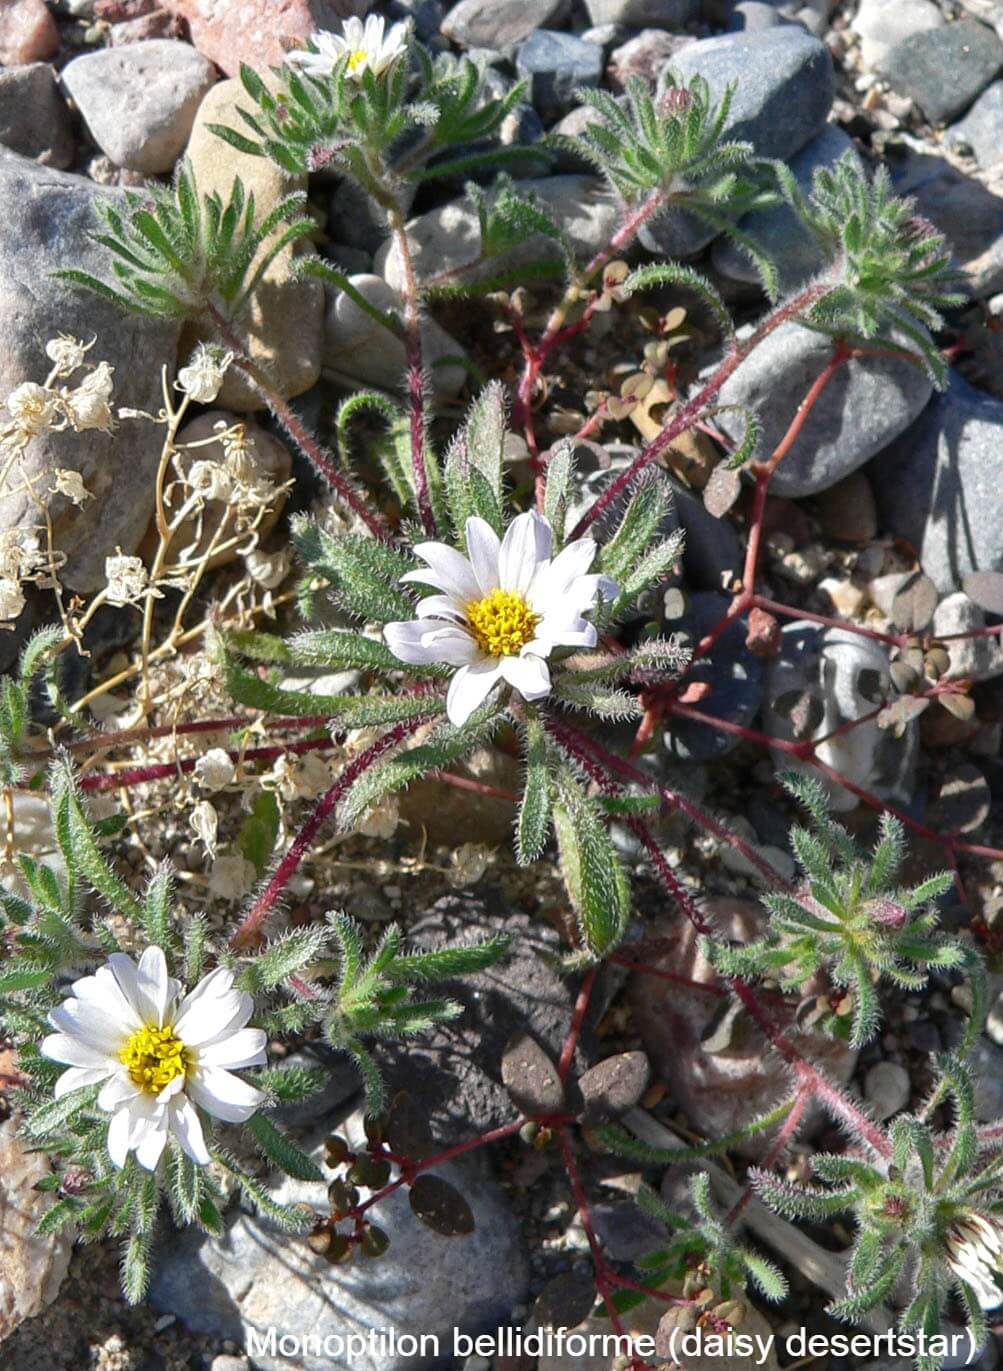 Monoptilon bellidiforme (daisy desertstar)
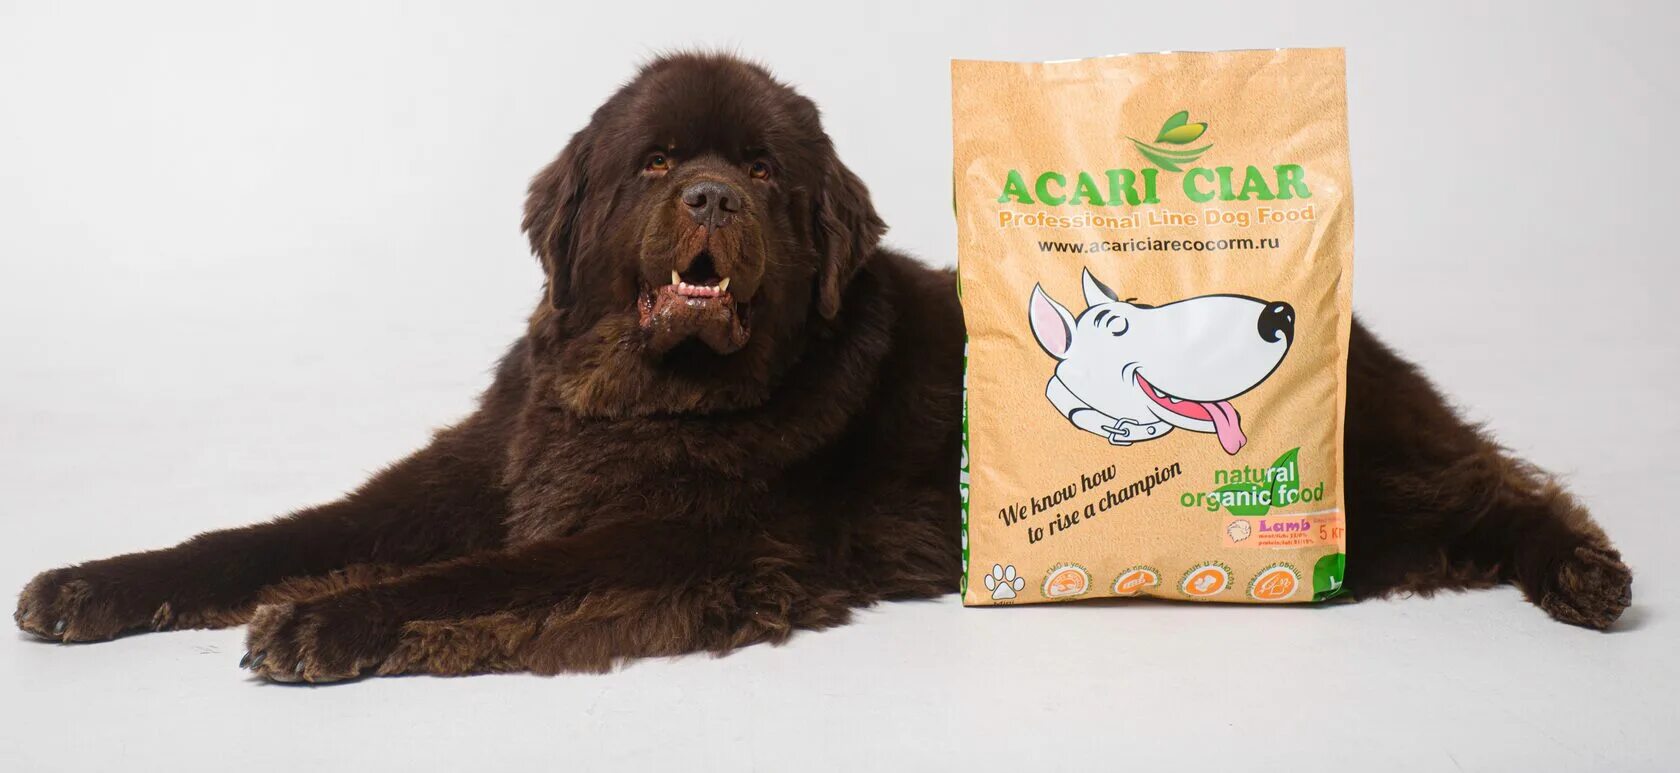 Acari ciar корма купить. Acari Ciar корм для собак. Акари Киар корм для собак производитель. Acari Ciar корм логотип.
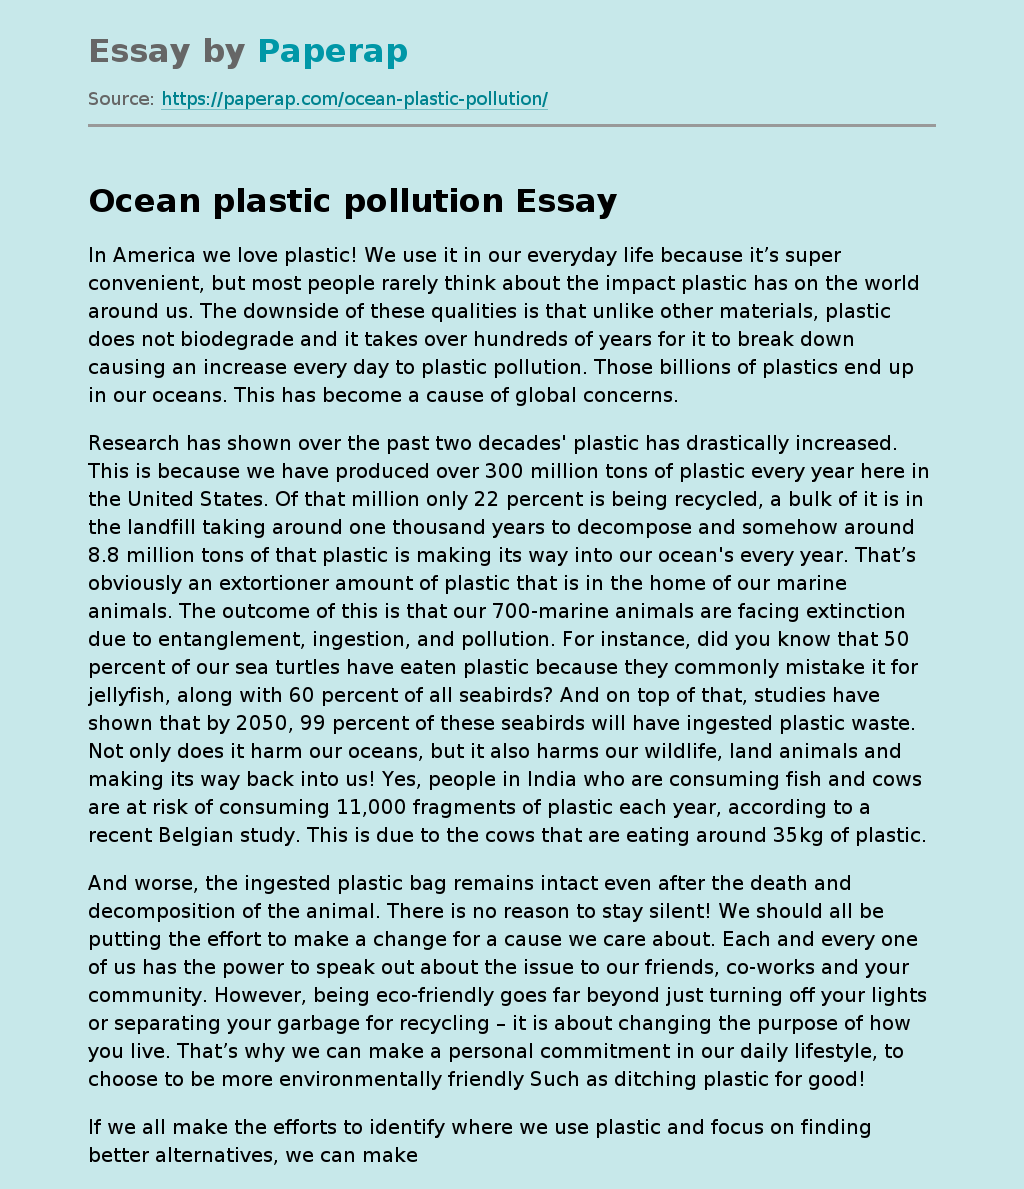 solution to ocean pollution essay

■ **GOAL OF THE EXERCISE**
Without including a single picture, restate all of the data word for word.

■ **RESULT FOR THIS EXERCISE**
 Monoptilon bellidiforme (daisy desertstar)
 Acari ciar корма купить. Acari Ciar корм для собак. Акари Киар корм для собак производитель. Acari Ciar корм логотип.
 solution to ocean pollution essay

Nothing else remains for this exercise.